Au comptoir à tout boire, Antoine S. place son visage bronzé
au Cap Vert sous un spot bleu et raconte son histoire de chien étranger
: "Dans la chambre d'hôtel, un cabot s'est couché
près de moi sur le lit. Je l'ai caressé sans méfiance
jusqu'à ce qu'il se branle tout seul puis éjacule.
Je n'avais jamais vu un chien éjaculer." Clignez
des paupières. Par beats housy frappés, un couple
de militants homos déplore le manque d'actions festives du
milieu association local et fantasme de nouvelles formes de combat
pour la cause pédé. Je grille une Merit et
souffle mon détachement à ces dires de gentilshommes
bien trop ferraillés dans un communautarisme chiant : si
je dois m'accrocher à des engagements actifs, ceux-ci sont
(seront) d'abord la défense d'une liberté de vies,
de sexualités et de sentiments. Je n'ai jamais cru que mon
homosexualité était à défendre. Elle
est juste à vivre et, effectivement, à faire valoir.
Tout comme ces êtres "faibles", les femmes. Sur
l'écran du portable, Super Pénélope
donne écho à cette raison : "Selon le nouveau
pape, c'est à cause des femmes que les pédés
existent. Du coup, je retourne faire la vaisselle. Toi, tu as intérêt
à te repentir avant de retrouver le droit chemin de géniteur."
Clignez des paupières. Patrick P. croit avoir perdu
un kilo à la suite de son dernier week-end barcelonais :
"Nous passions d'une fête à une autre sans
manger et dormir. Trop bien." Lorsque Tiga s'amuse avec
nos jambes, Rico se grime de son traditionnel visage-râle
: "Il mixe 99% de tubes. C'est un peu facile." Je
charge le dj lyonnais : "C'est pro, propre et bien. Combien
de dj's jouent des misères en voulant frimer avec une musique
relativement pointue ?" Clignez des paupières. Vendredi,
nous aurions pu nous abstenir d'inaugurer L'Oblic, nouveau
bar obscur, situé en lieu et place du regretté Mushi-Mushi.
Une vipère crache le venin : "Quand je vois la clientèle
pourrie qui est ici, je pense que je n'y reviendrai pas souvent."
En trinque au milieu de trois branchouilleux habillés en
rose ou coiffés d'un cheveu pas vraiment sale, Emma et Prousty
nous sauvent de l'ennui profond avant de prendre le volant pour
Dijon. Clignez des paupières. La Vapeur arrose ses
dix ans d'un concert couillu et bestial des LCD Soundsystem.

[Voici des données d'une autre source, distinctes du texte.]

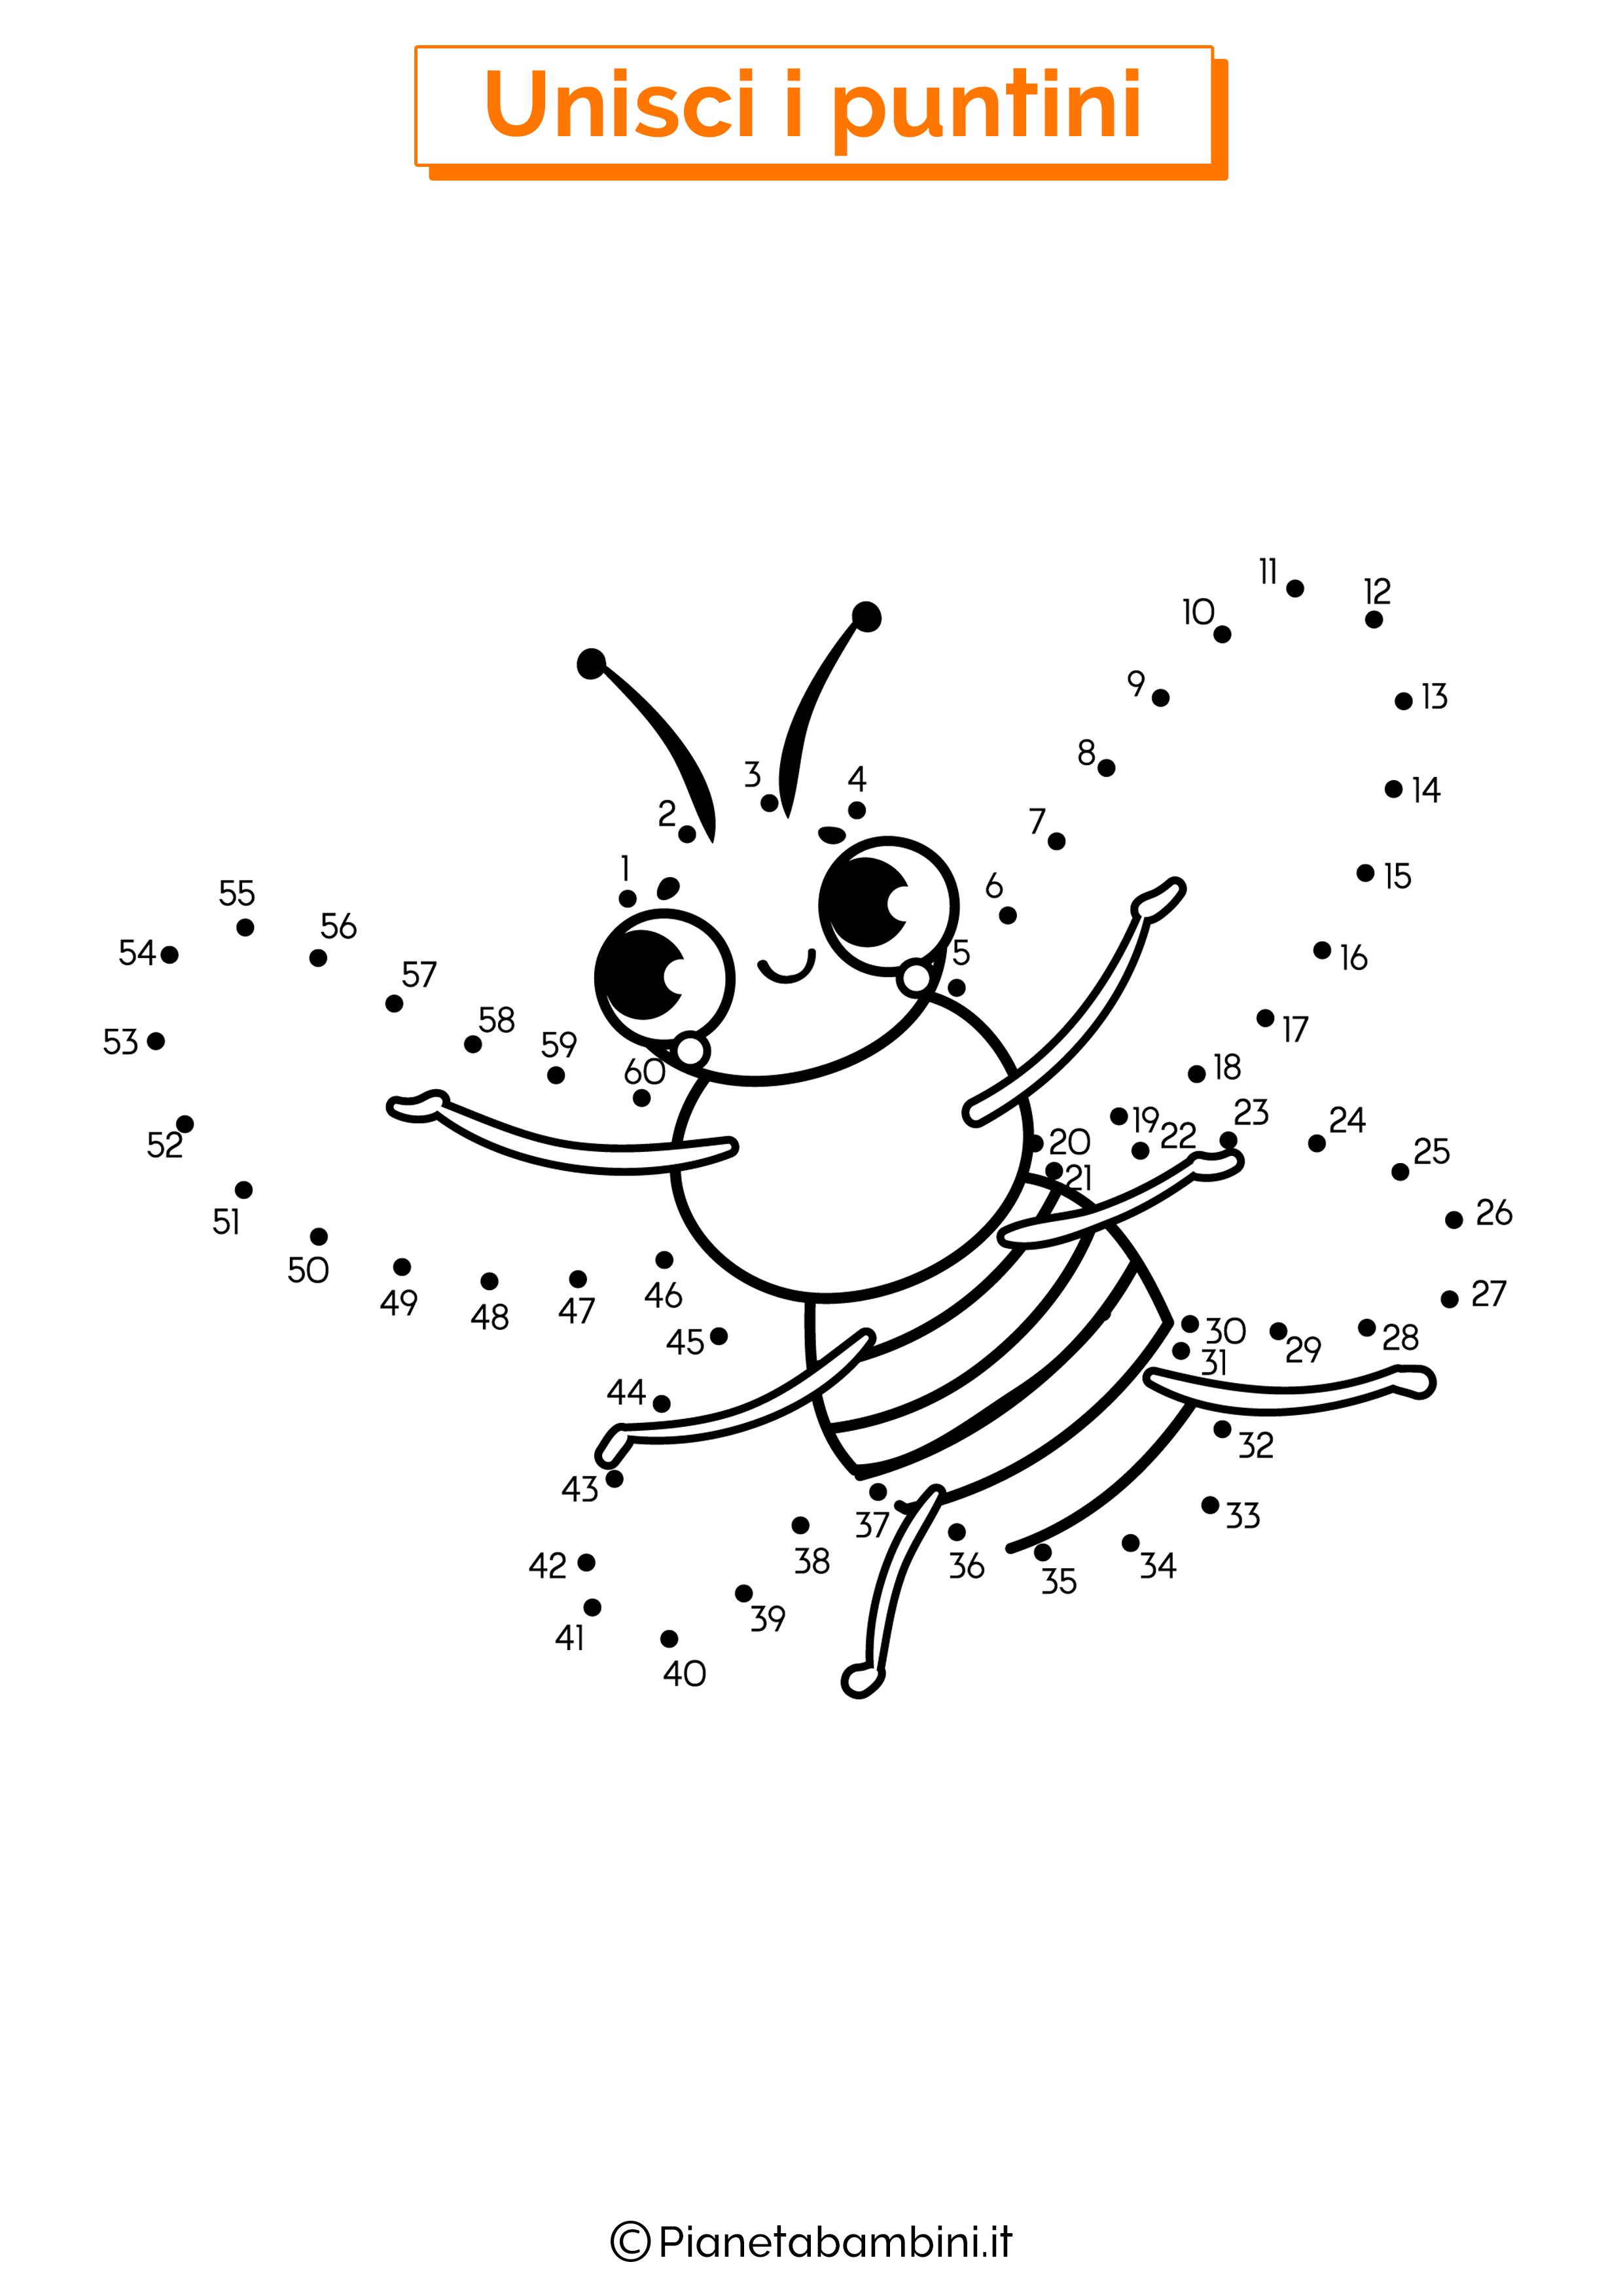 Disegno unisci i puntini da 1 a 50 ape
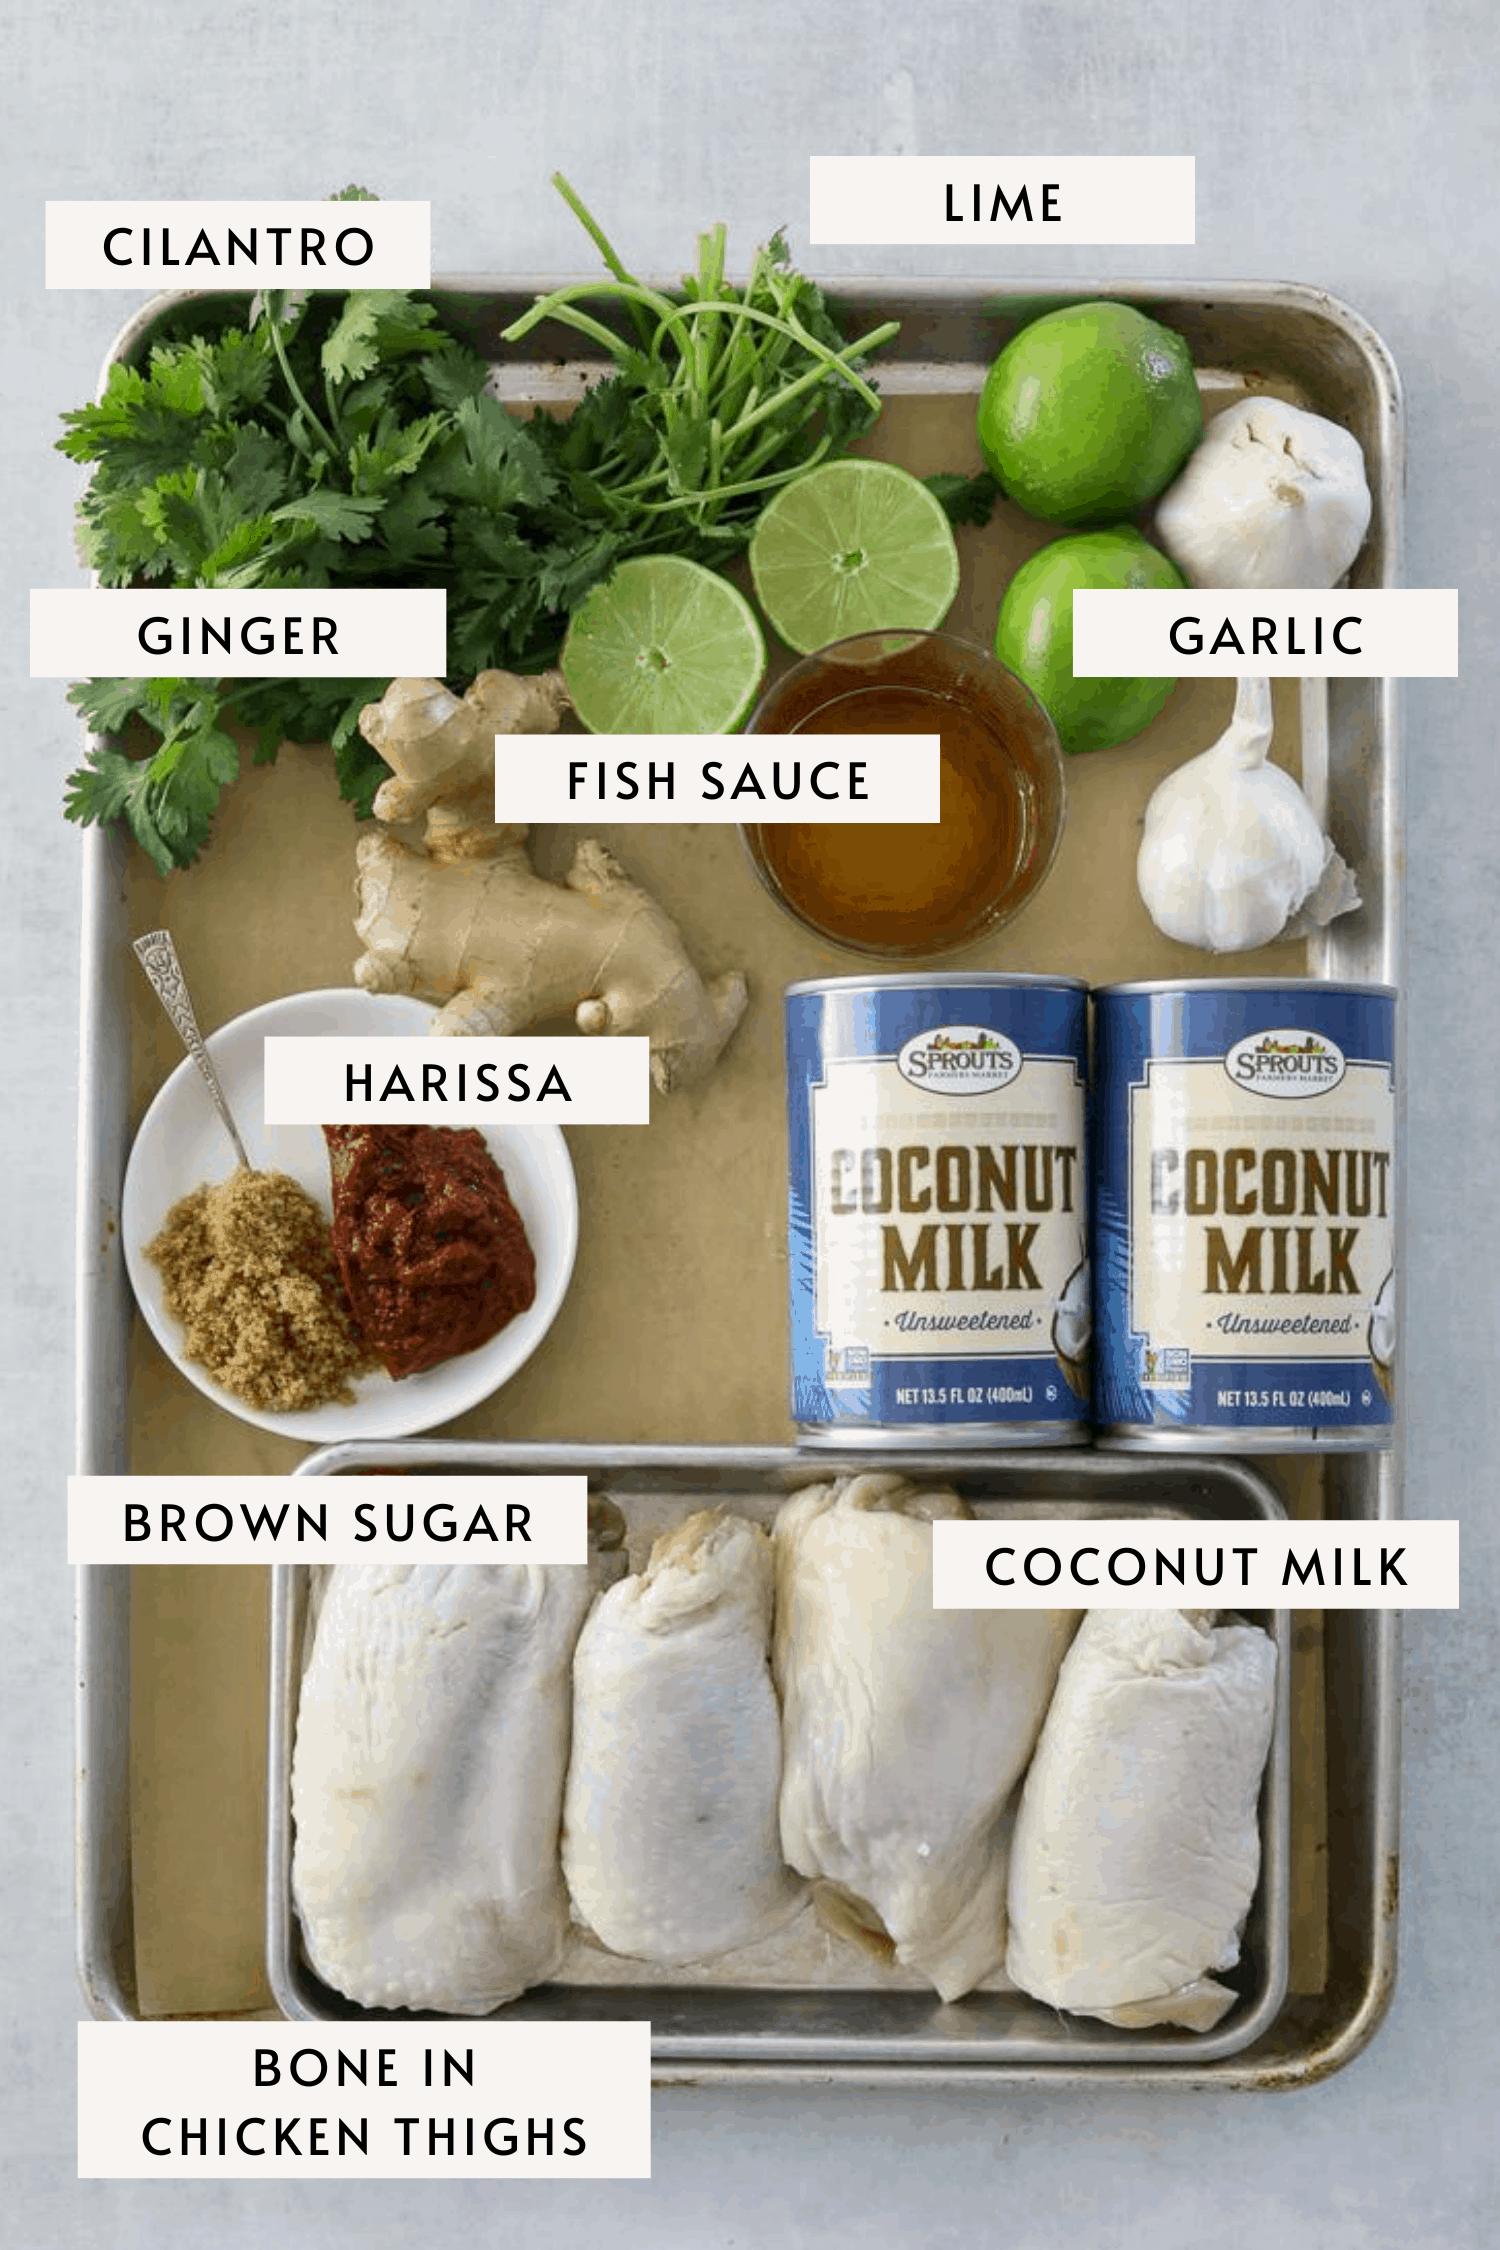 recipe ingredients on a baking tray; chicken thighs, harissa paste, garlic, ginger etc

La salle gronde des riffs de guitares à vouloir gratter le
plafond avec nos ongles rageurs. Des bleeps se perdent dans le choc
d'une batterie concassant des beats monstrueux. La voix se diffuse
nonchalante jusqu'à huiler les muscles d'un public pas très
sage. En rappel sur "Yeah Yeah Yeah", les New-Yorkais
avancent leur hymne bêta telle une spirale vicieuse : début
lent et langoureux pour manipuler un tourniquet sonore jusqu'au
chaos final. La claque. La Drôlesse m'offre un seul drink
afin de préserver ses chances d'un bon retour autoroutier
sur Lyon. Elle file au plus près de la scène, le regard
sur les doigts de Vitalic. "It should be hard / But
we would be slow", robotise la voix synthétique
d'une pimpo a capella. La nouvelle icône mondiale de l'electro
attrape aussitôt corps et songes. La sueur lustre nos visages
en sourires brillants. Les têtes se tirent au ciel comme tenaillées
par les sons robotiques et sexy pianotés par le Dijonnais.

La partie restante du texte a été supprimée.